We went to a pretty great BBQ bar & grill for lunch today, it was a bit of a drive to get there but I think it was totally worth it. We had fried pickles and pulled pork and sweet potato fries and spicy BBQ sauce and fried snickers for dessert. It was pretty good. The service was so slooooow though, even though we were one of two, then three, patrons in the bar/grill. I don't care, I would totally still go there, maybe not very often, but once in awhile. It was kindof a dive but I liked it.

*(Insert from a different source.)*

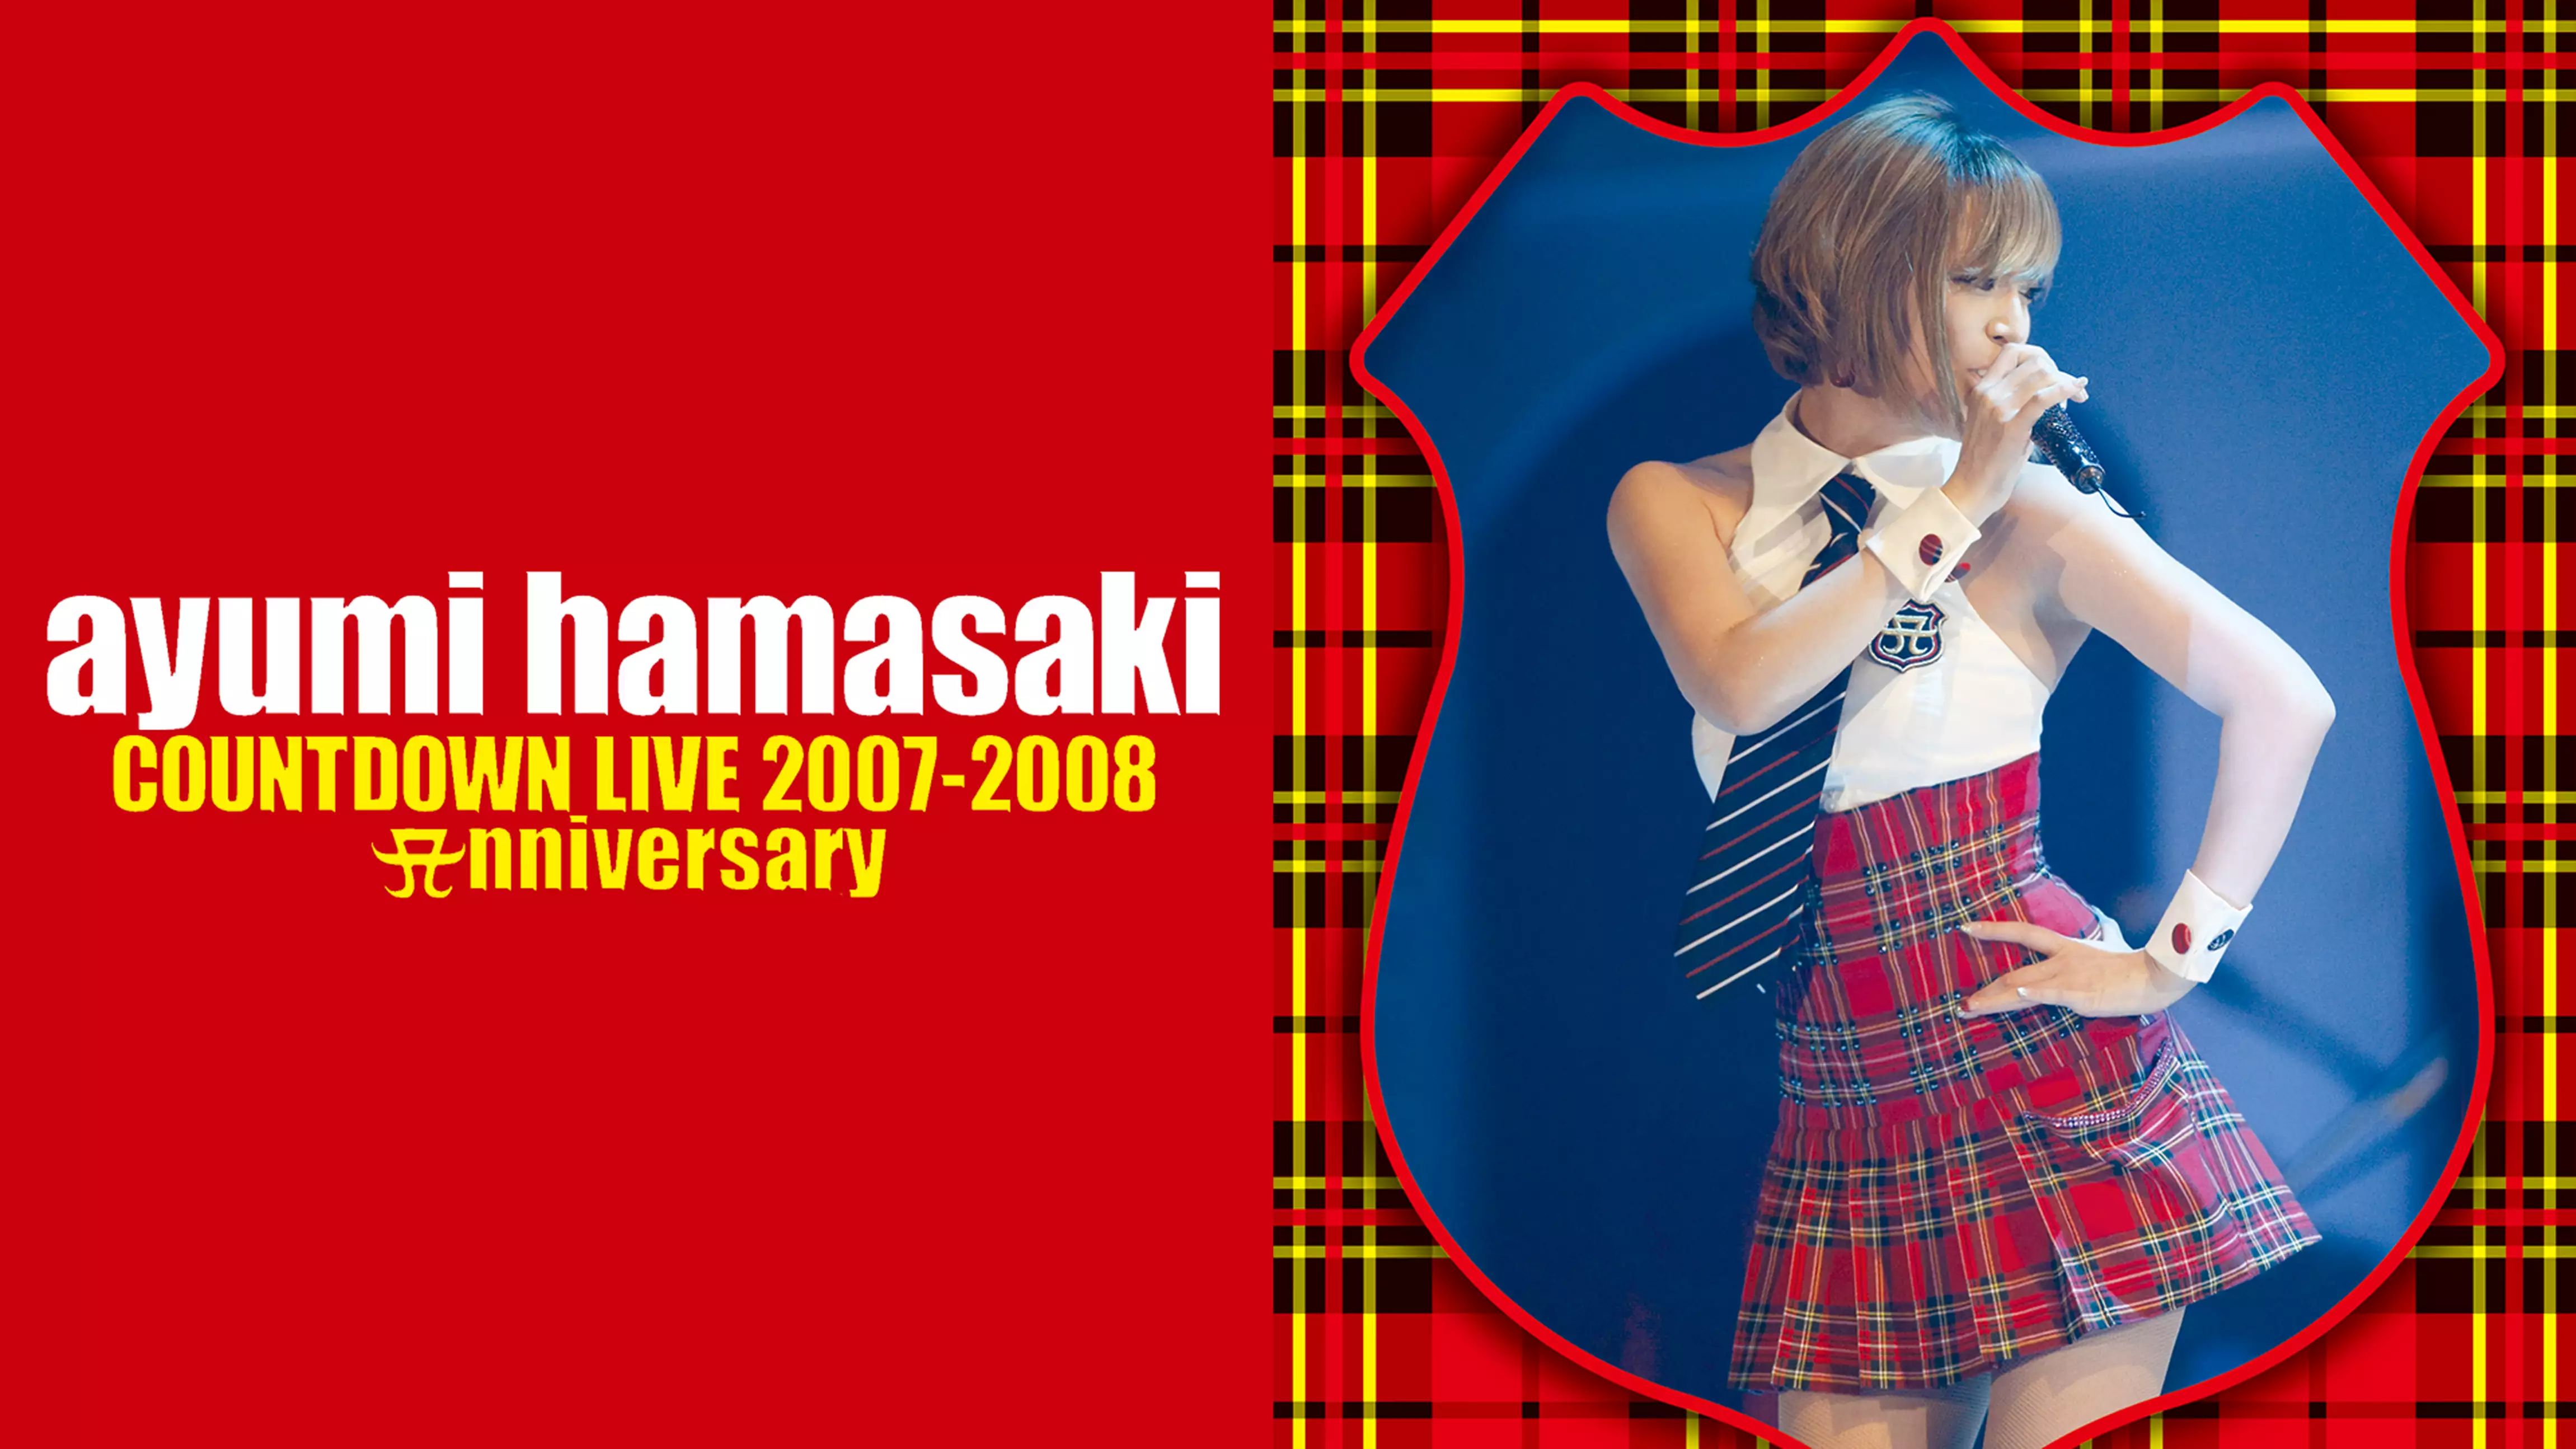 ayumi hamasaki COUNTDOWN LIVE 2007-2008 Anniversary(音楽・アイドル

I, thankfully, have the day off tomorrow. I need need need this. I hate work SO MUCH lately. My boss has quit, we are understaffed, and though I was "promoted" months ago, my pay still hasn't been fixed and this promotion hasn't been applied to my job title. But. I have been doing all this extra work for months. I finally gave them an ultimatum, and said if my promotion isn't applied by the end of January, I'm done doing the extra work. It's just bullshit. There's no good reason for this to have been dragged out this long and there is zero chance that I will get retro pay for the time that I have been doing the job an not compensated so I am just a little bit salty about it. The sad thing is that it's not the company, it's this fucking account. Other accounts in the building don't have this problem, so it is unique to our special little account. It's so stupid. I really hate this bitch I have to work 1.5 hours with a night, she is useless. There is just so much bullshit. I have never wanted to just quit a job so badly before, even working drive through fast food. I can't though. The money is just good enough for us to survive, so here I am, hating every moment of this life. I have decided that if nothing changes by the end of January, I'm applying to change accounts. Hopefully there is the possibility of being less miserable than this.
The kids are growing, prospering. They have tomorrow off as well so we are going to see what sort of trouble we can get into. I still don't really believe that I have the day off, my brain won't accept it.